**TASK DESCRIPTION**: You are asked to reproduce the listing exactly and to omit its pictures.

**RAW DATA**:
┏━━

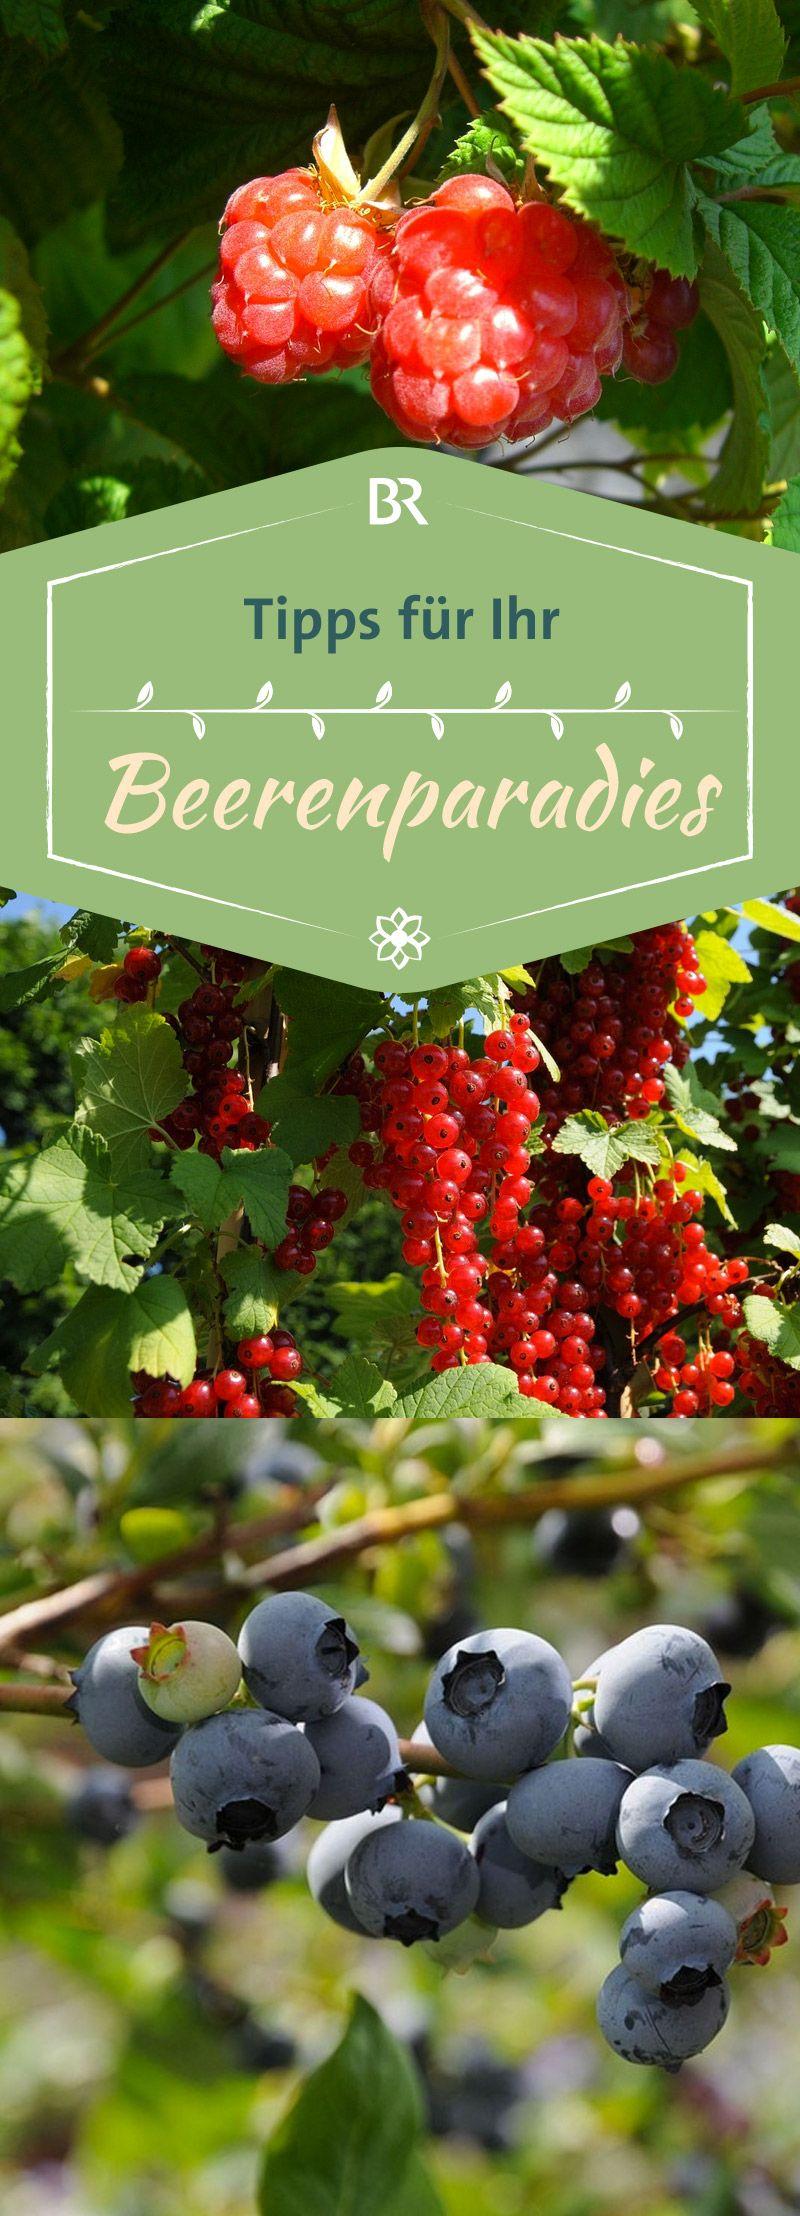 Querbeet-Garten: Querbeet-Garten: Beeriger Naschstreifen | BR.de
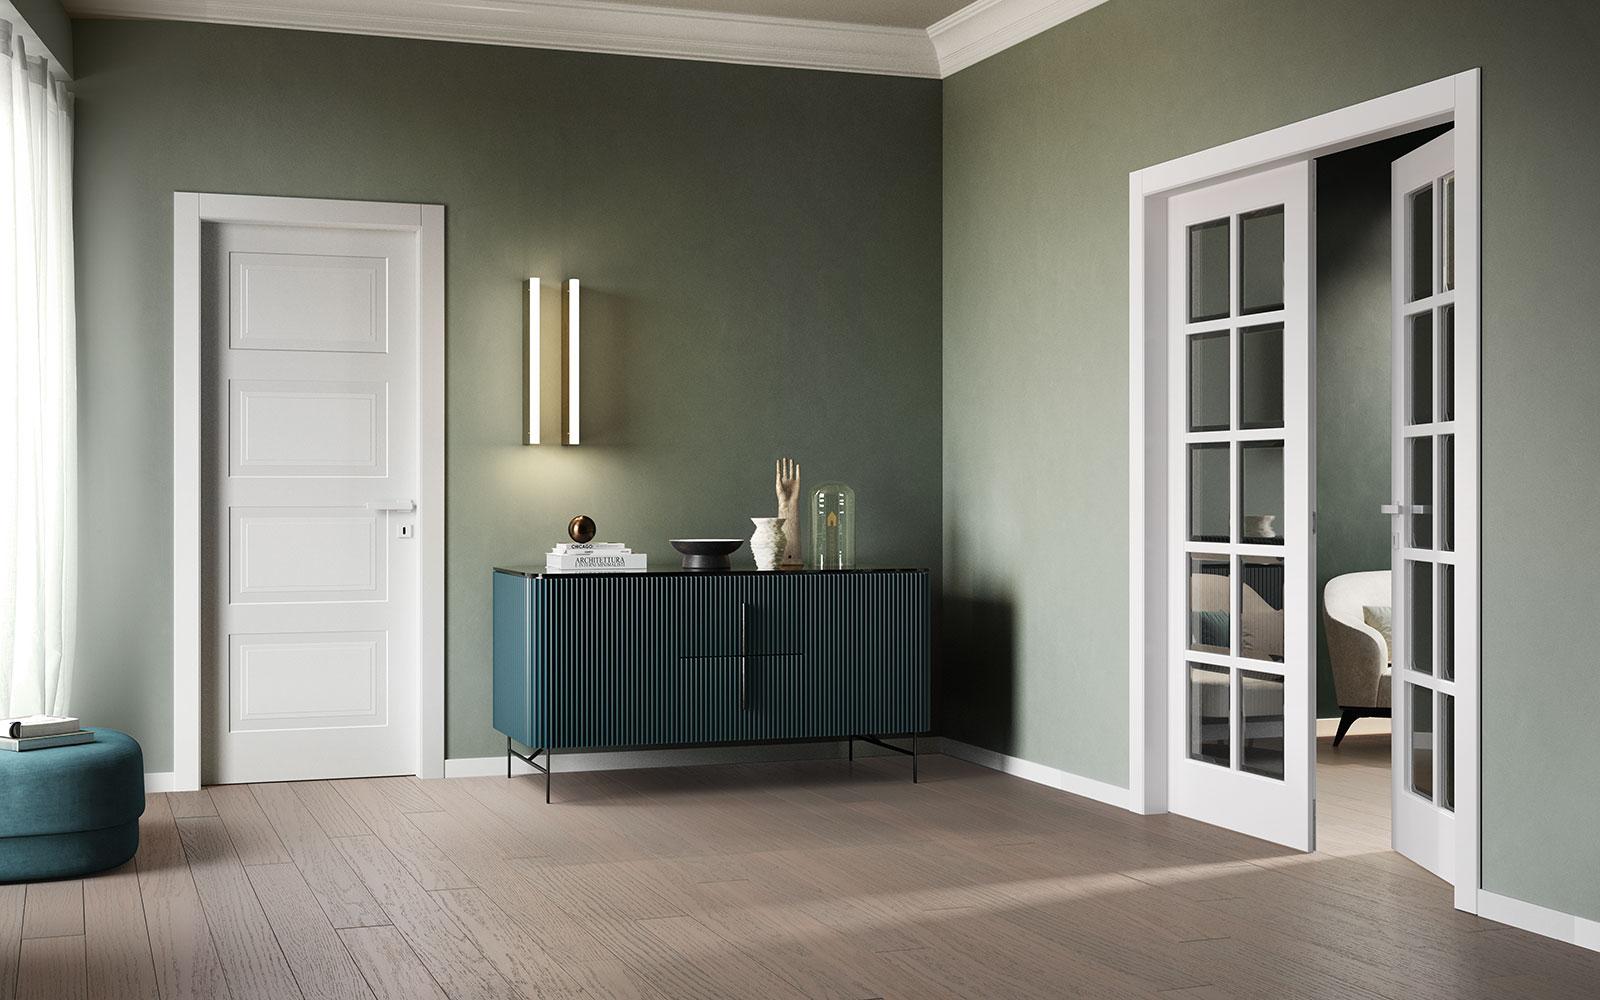 Porte laccate bianche con vetro classiche - Garofoli
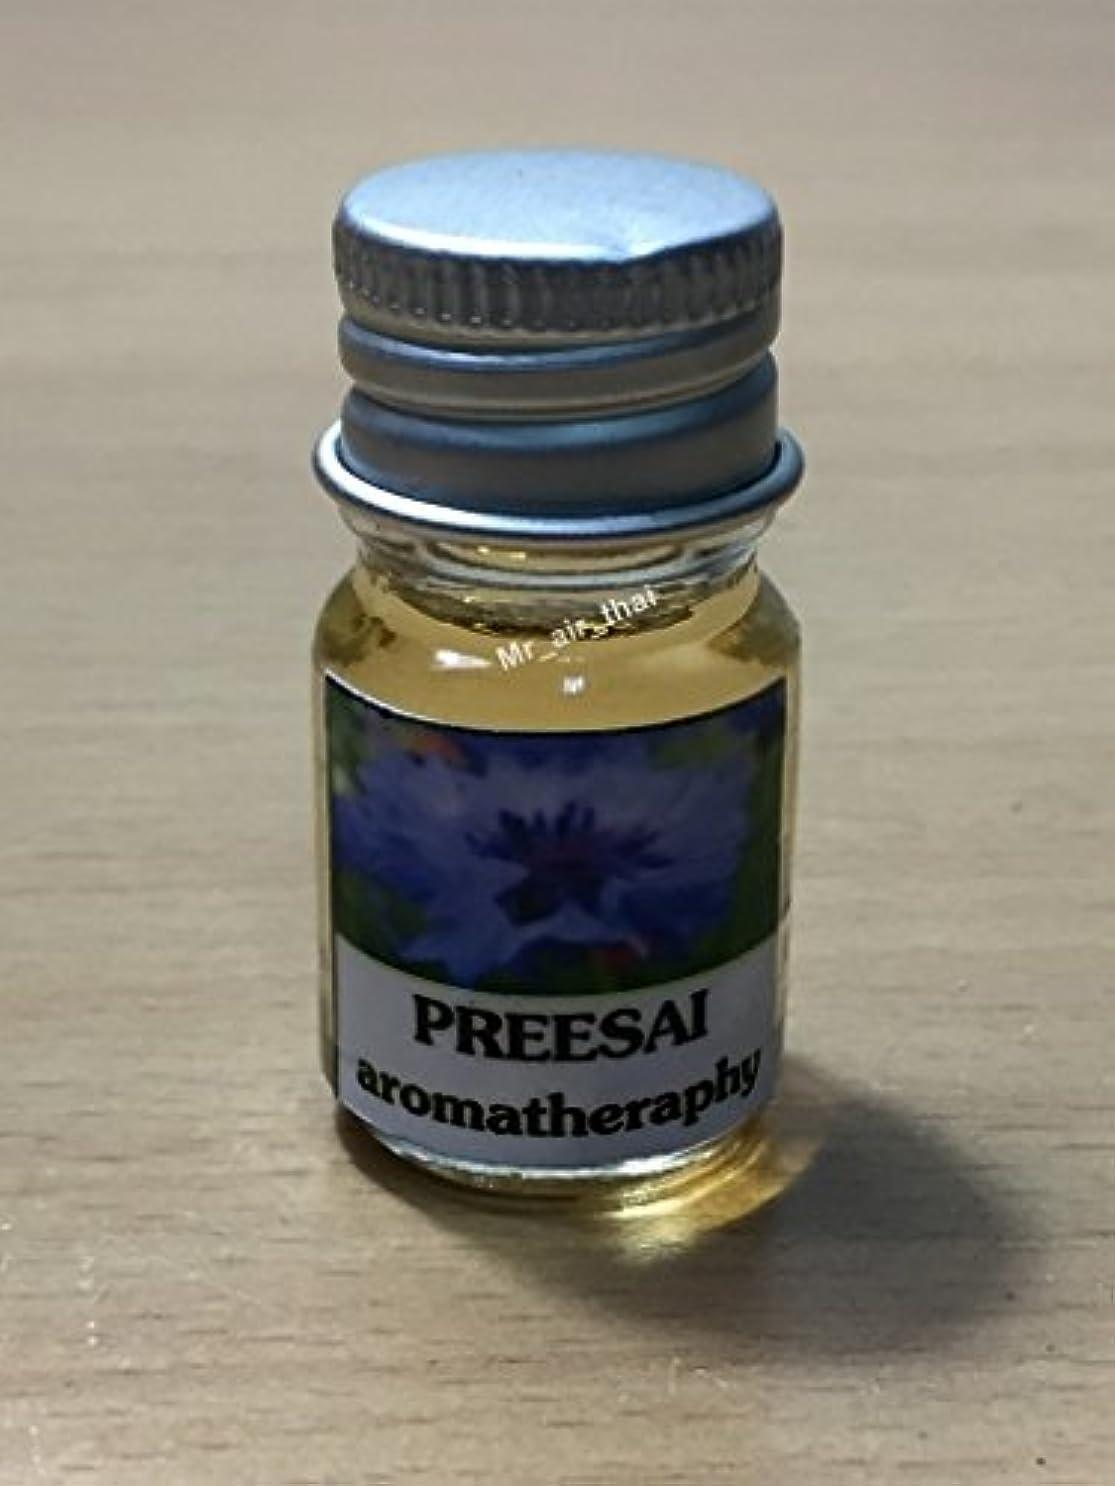 他の場所検体急速な5ミリリットルアロマフリージアフランクインセンスエッセンシャルオイルボトルアロマテラピーオイル自然自然5ml Aroma freesia Frankincense Essential Oil Bottles Aromatherapy...
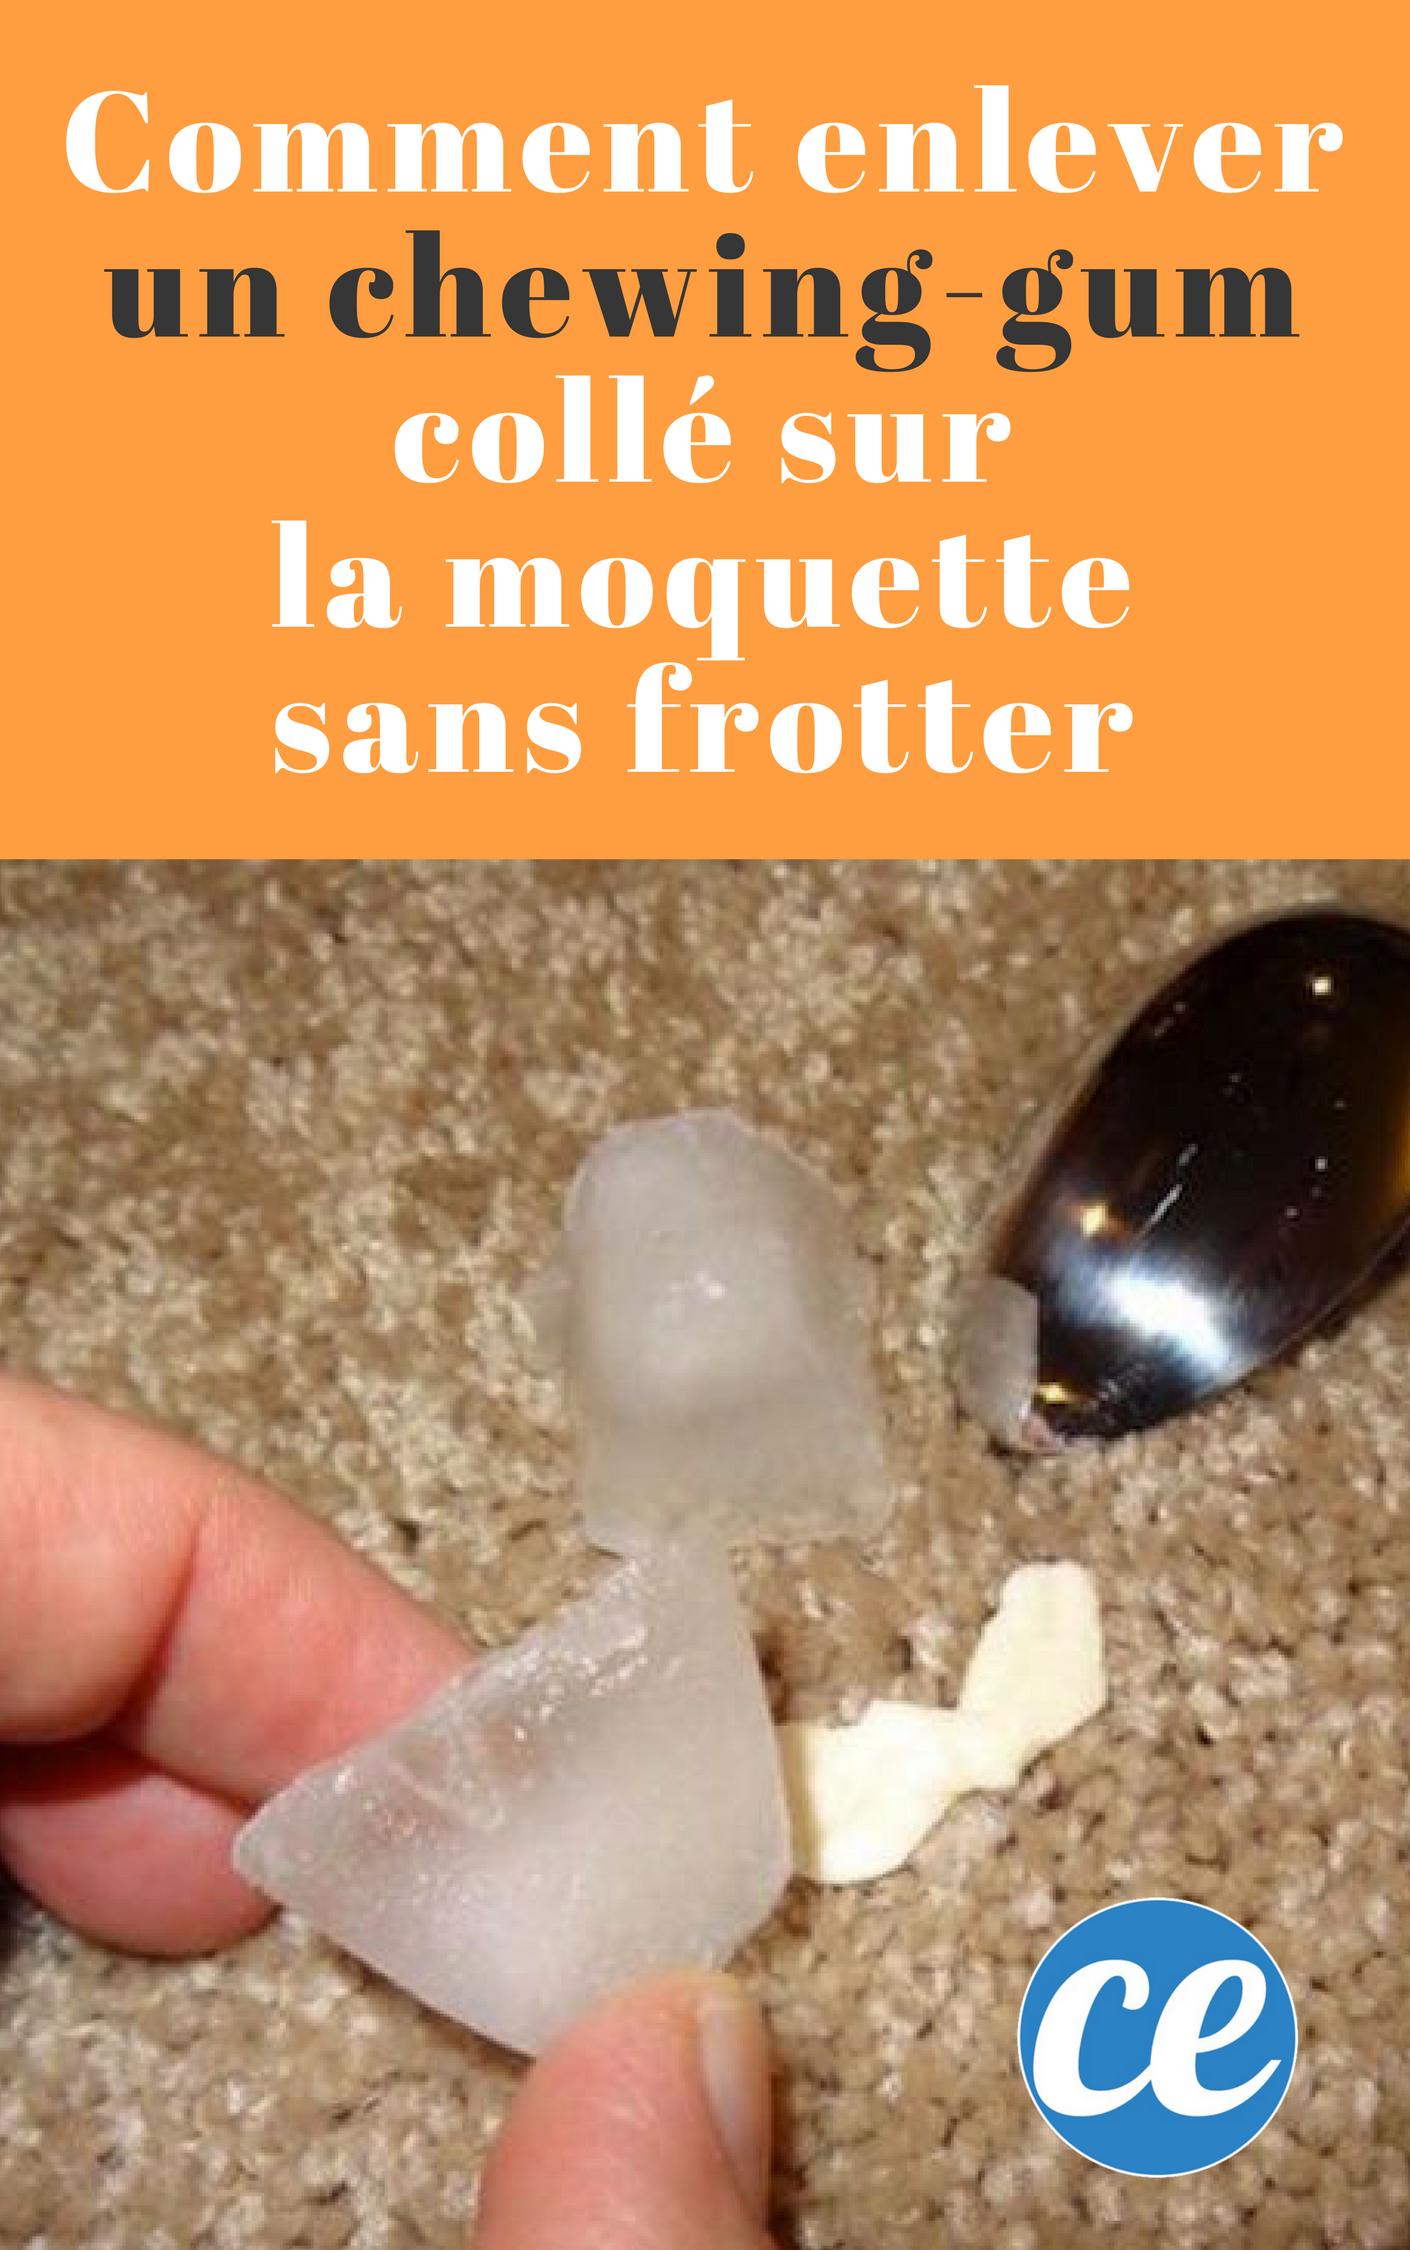 L Astuce Pour Enlever Un Chewing Gum Colle Sur La Moquette Sans Frotter Chewing Chewing Gum Enlever Chewing Gum

┗━━

**TASK RESULT**:
 Querbeet-Garten: Querbeet-Garten: Beeriger Naschstreifen | BR.de
 Porte laccate bianche con vetro classiche - Garofoli
 他の場所検体急速な5ミリリットルアロマフリージアフランクインセンスエッセンシャルオイルボトルアロマテラピーオイル自然自然5ml Aroma freesia Frankincense Essential Oil Bottles Aromatherapy...
 L Astuce Pour Enlever Un Chewing Gum Colle Sur La Moquette Sans Frotter Chewing Chewing Gum Enlever Chewing Gum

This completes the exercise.